This report is a course project within the Statistical Inference Course on the Data Science Specialization by Johns Hopkins University on Coursera.
The project consists of two parts:
In this project you will investigate the exponential distribution in R and compare it with the Central Limit Theorem. The exponential distribution can be simulated in R with rexp(n, lambda) where lambda is the rate parameter. The mean of exponential distribution is 1/lambda and the standard deviation is also 1/lambda. Set lambda = 0.2 for all of the simulations. You will investigate the distribution of averages of 40 exponentials.
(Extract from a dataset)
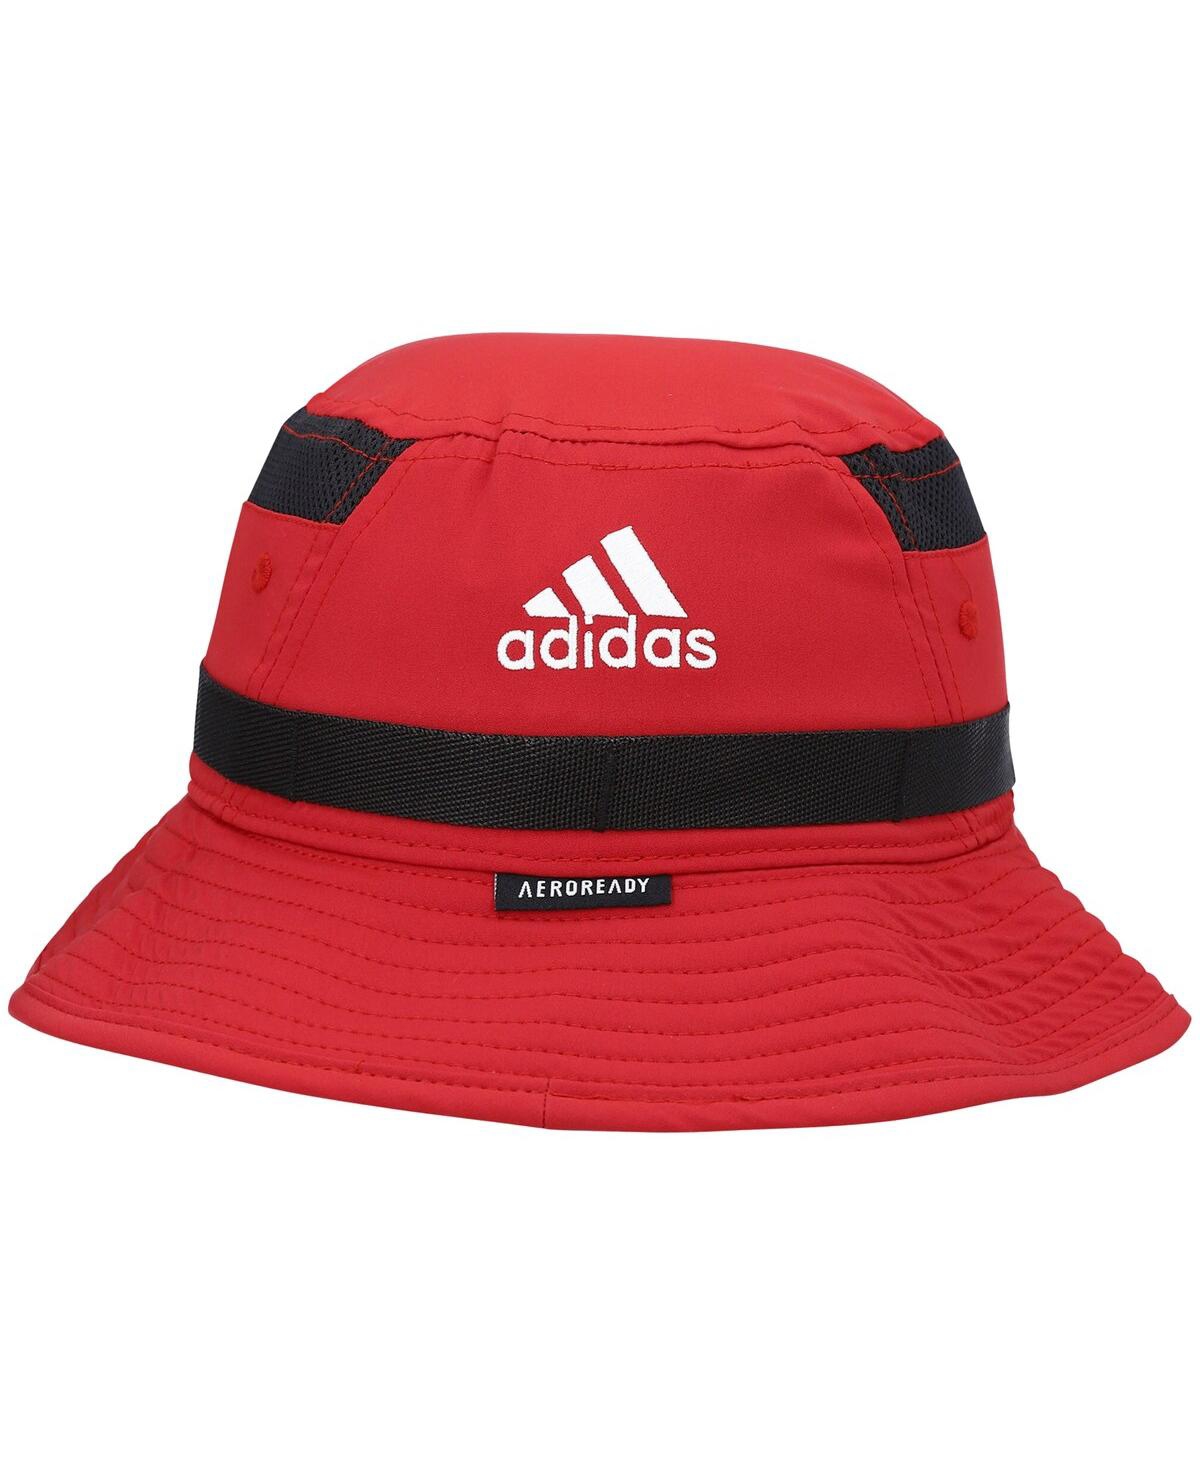 Shop Adidas Originals Men's Adidas Crimson Indiana Hoosiers 2021 Sideline Aeroready Bucket Hat
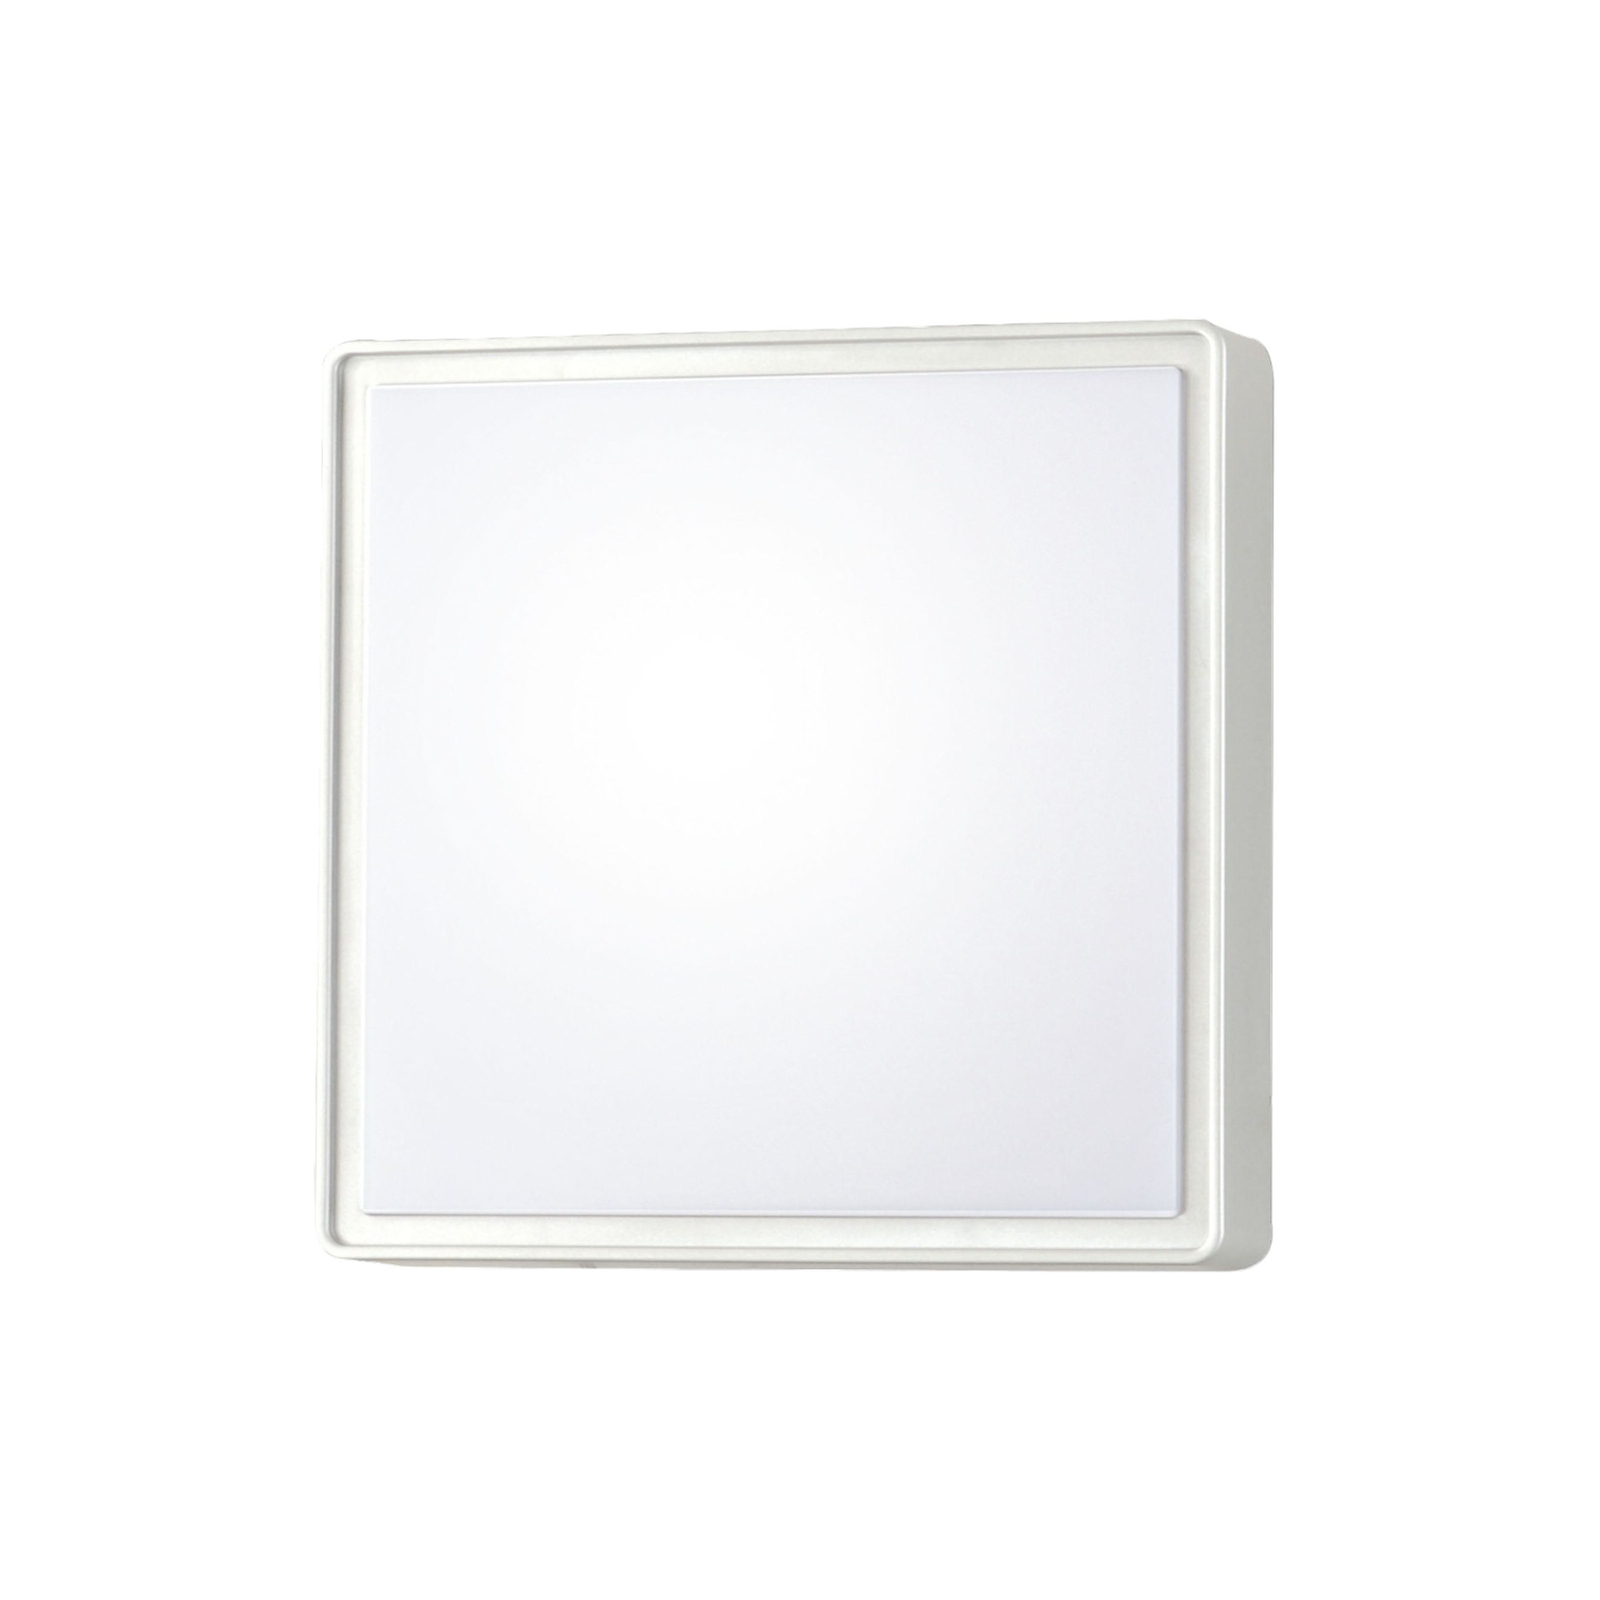 Φωτιστικό τοίχου Oban LED, 30 cm x 30 cm, λευκό, IP65

Note that you will need to do a thousand simulations.
Simulation Run
# Constants
lambda <- 0.2 ; n = 40 ; sim = 1000
# Set seed to create reproducibility
set.seed(12345)
# Simulation
Exp_Sim <- matrix(rexp(sim*n, lambda), nrow = sim, ncol = n)
Exp_Mean <- apply(Exp_Sim, 1, mean)
Exponential Distribution Mean (Theoretical Mean)
Theo_Mean <- 1/lambda
print(Theo_Mean)
## [1] 5
Mean of the Simulated Exponential Random Variable Means (Sample Mean)
Sample_Mean <- mean(Exp_Mean)
print(Sample_Mean)
## [1] 4.971972
Vizualization of both Distributions and both means.
# Histograms
par(mfrow = c(2,1))
# Distribution of the Simulated Sample of Exponential Random Variables
hist(Exp_Sim, breaks = 40, xlim=c(0,30),
main = "Distribution of the Simulated Sample of Exponential Random Variables",
xlab = "Exponential Variables",
ylab = "Frequency",
col = "khaki1")
abline(v = 1/lambda, lty = 1, lwd = 4, col = "gray13")
legend("topright", lty = 1, lwd = 4, col = "gray13", legend = "Theoretical Mean")
# Distribution of the Simulated Exponential Random Variable Means
hist(Exp_Mean, breaks = 40, xlim=c(3,9),
main = "Distribution of the Simulated Exponential Random Variable Means",
xlab = "Means",
ylab = "Frequency",
col = "khaki1")
abline(v = mean(Exp_Mean), lty = 1, lwd = 4, col = "gray13")
legend("topright", lty = 1, lwd = 4, col = "gray13", legend = "Sample Mean")
Exponential Distribution Variance (Theoretical Variance)
Theo_Var <- ((1/lambda)/sqrt(n))^2
print(Theo_Var)
## [1] 0.625
Variance of the Distribution of Averages (Sample Variance)
Sample_Var <- sd(Exp_Mean)^2
print(Sample_Var)
## [1] 0.6157926
As you can see, both variances are very close.
This graph shows the histogram of the simulation of the exponential variable means distribution. And a normal distribution curve on top, that considers as parameters the exponential theoretical mean, and the theoretical standard deviation divided by the square root of the sample size (Central Limit Theorem). Illustrating that it fits relatively well.
# Histogram
hist(Exp_Mean, breaks = 40,
main = "Distribution of the Simulated Exponential Random Variable Means",
prob=T, xlab = "Means", ylab = "Density", col = "khaki1")
# Normal Distribution Line
# Create 40 breaks from the min and max values of the Simulated Sample of Exp Variables, for the X Axis.
xfit <- seq(min(Exp_Mean),max(Exp_Mean),length=40)
# Create a Normal Distribution Vector of Densities for the Y Axis
yfit <- dnorm(xfit, mean=1/lambda,sd=1/lambda/sqrt(n))
# Plot the Normal Distribution Line
lines(xfit,yfit,lty = 1, lwd = 2, col = "black")
legend(6.5, 0.50, lty = 1, lwd = 2, col = "black", legend = "Normal Distribution", cex = 0.75)
Given the Central Limit Theorem’s mean and standard deviation, we can visualize how would a normal distribution would look like, according to the simulated sample of exponential random variables.
# Histogram
h <- hist(Exp_Mean, breaks = 40,
main = "Distribution of the Simulated Exponential Random Variable Means",
xlab = "Means", ylab = "Frequency", col = "khaki1")
# Normal Distribution Line
# Create 40 breaks from the min and max values of the Simulated Sample of Exp Variables, for the X Axis.
xfit2 <- seq(min(Exp_Mean),max(Exp_Mean),length=40)
# Create a Normal Distribution Vector of Densities for the Y Axis
yfit2 <- dnorm(xfit2, mean=1/lambda,sd=1/lambda/sqrt(n))
# Simulate the sample frequency with the normal Distribution line
yfit2 <- yfit2*diff(h$breaks[1:2])*length(Exp_Mean)
# Plot the Normal Distribution Line
lines(xfit2,yfit2,lty = 1, lwd = 2, col = "black")
legend(6.5, 45, lty = 1, lwd = 2, col = "black", legend = "Normal Distribution", cex = 0.75)